A cankerous and darkly funny field guide to bookstore customers, from the Person Who Doesn't Know What They Want (But Thinks It Might Have a Blue Cover) to the harried Parents Secretly After Free Childcare.
It does take all kinds and through the misanthropic eyes of a very grumpy bookseller, we see them all. There's the Expert (with subspecies from the Bore to the Helpful Person), the Young Family (ranging from the Exhausted to the Aspirational), Occultists (from Conspiracy Theorist to Craft Woman).

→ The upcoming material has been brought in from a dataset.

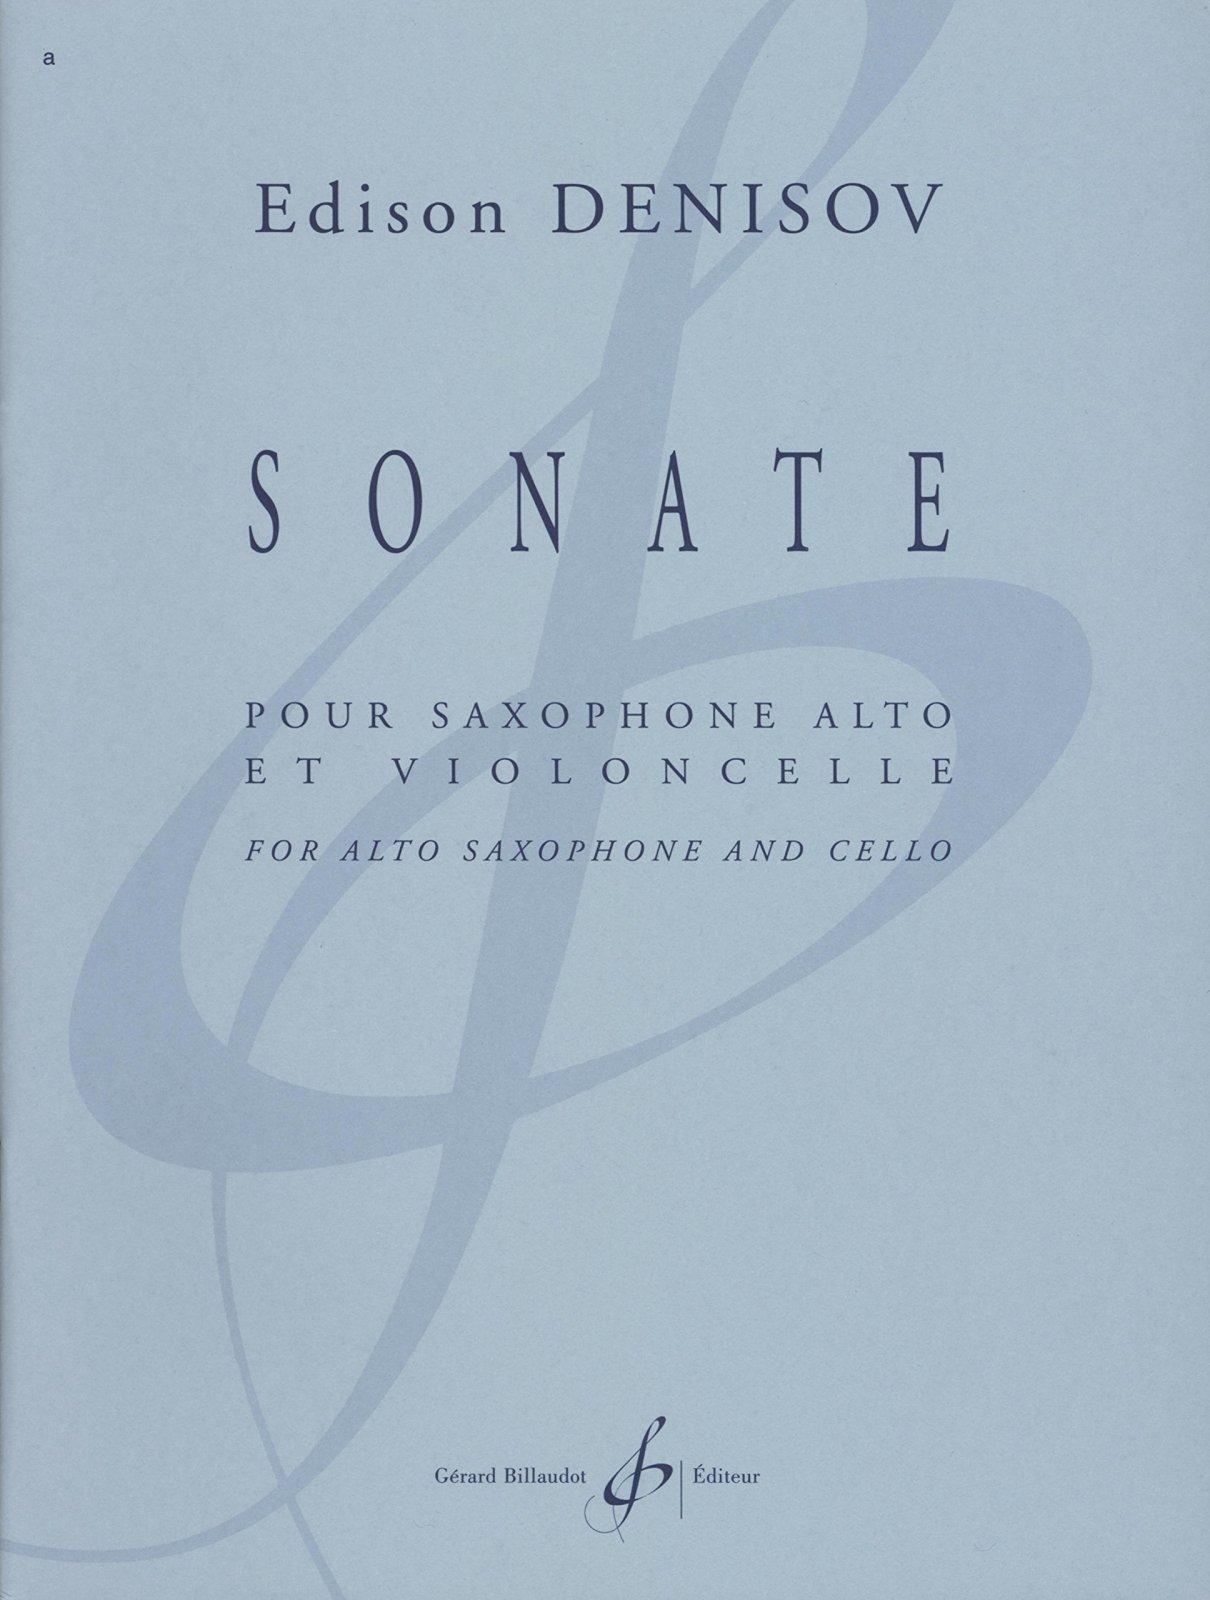 Denisov, Edison: Sonate for Alto Saxophone & Cello
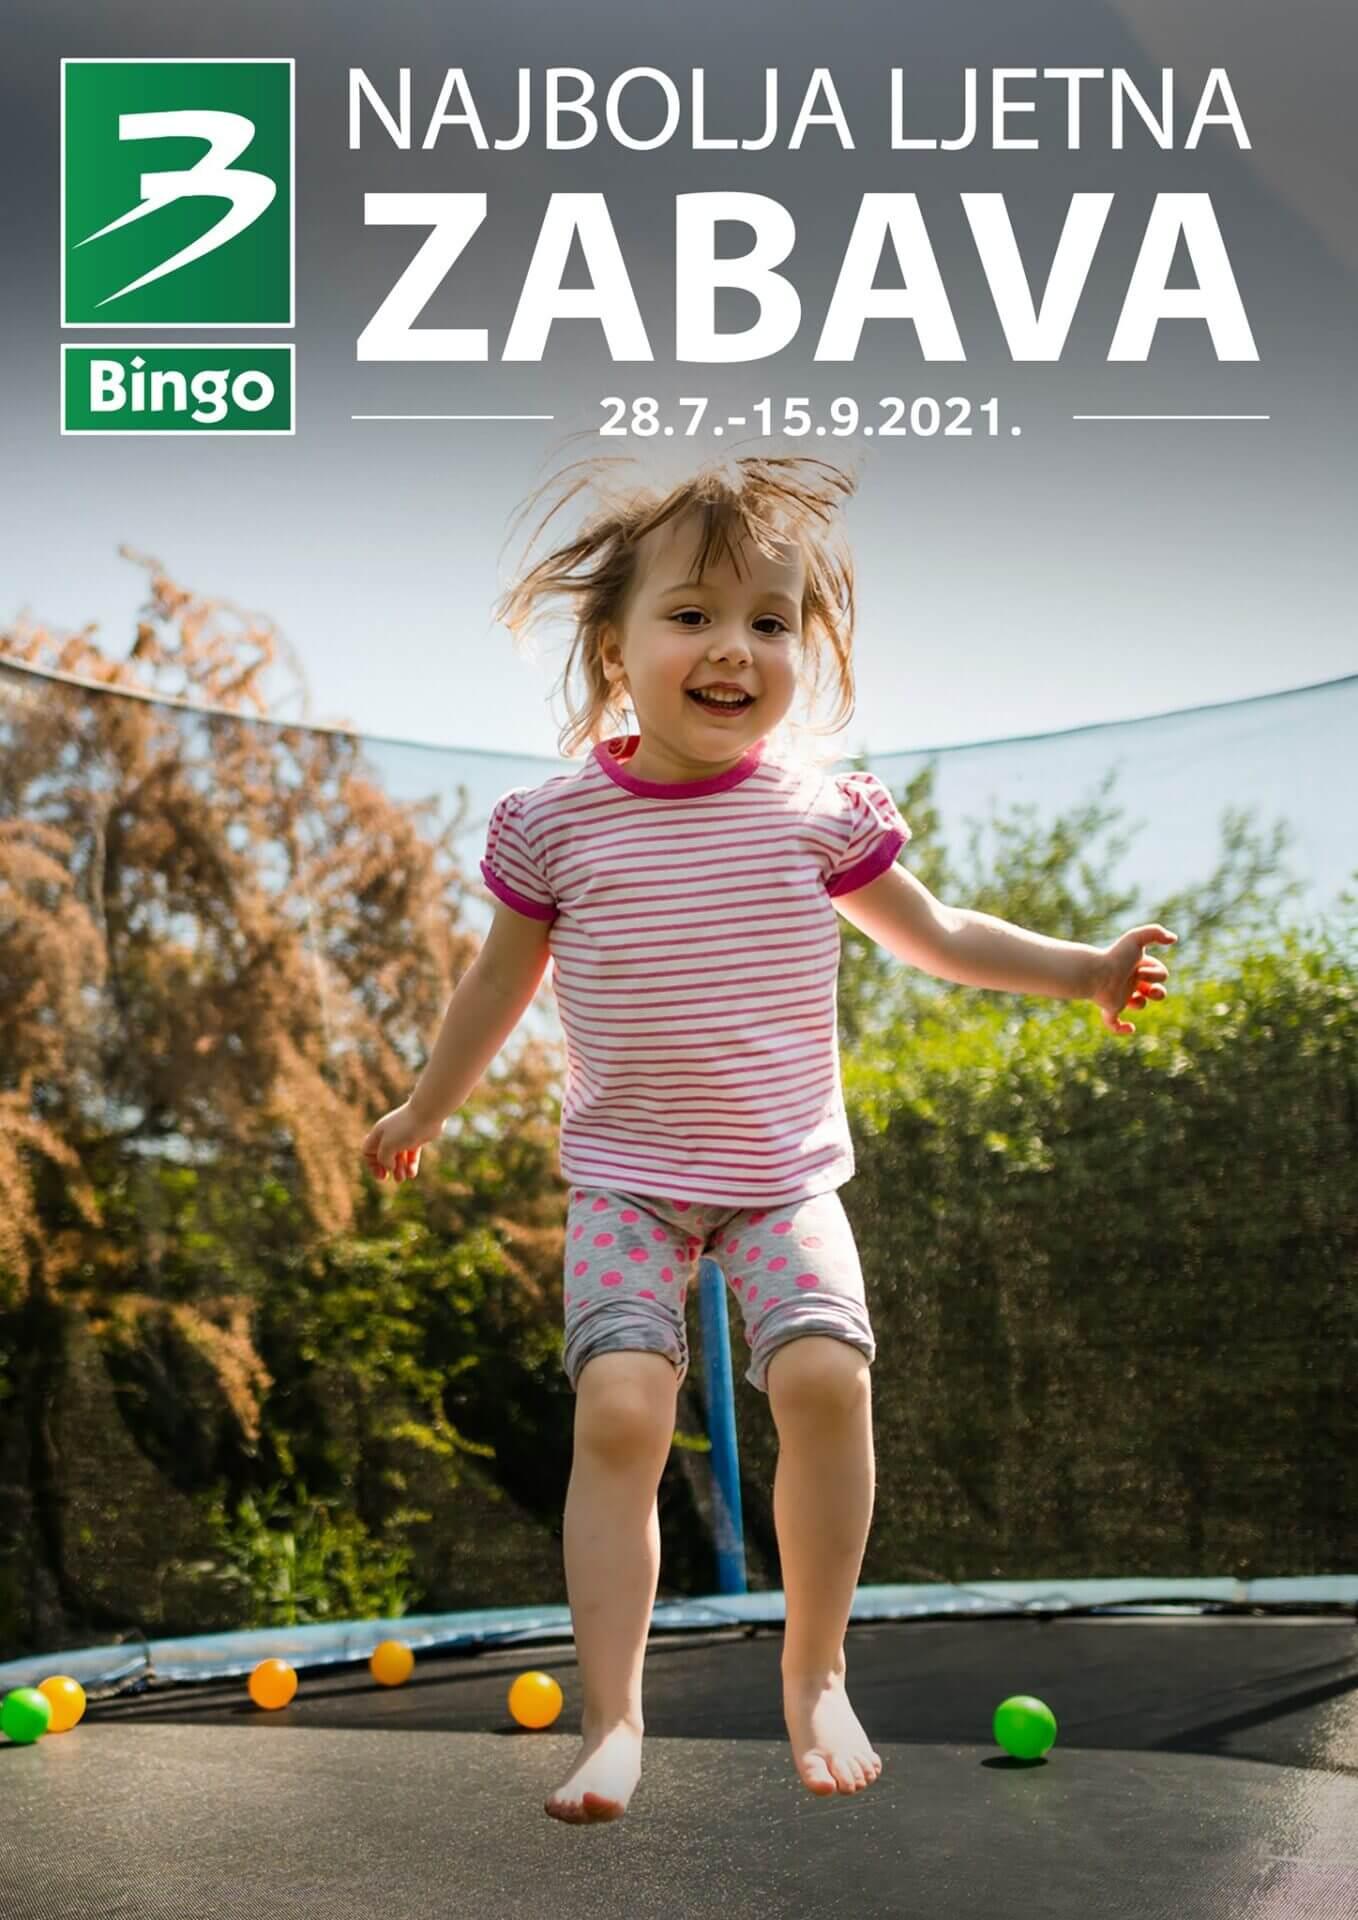 BINGO katalog 28.7. 15.9. 1

Then there's the Loiterer (including the Erotica Browser and the Self-Published Author), the Bearded Pensioner (including the Lyrca Clad), the The Not-So-Silent Traveller (the Whistler, Sniffer, Hummer, Farter, and Tutter), and the Family Historian (generally Americans who come to Shaun’s shop in Wigtown, Scotland).
Two bonus sections include Staff and, finally, Perfect Customer—all from Shaun Bythell (author of Confessions of a Bookseller), the funniest sell-and-tell observer in the house of books.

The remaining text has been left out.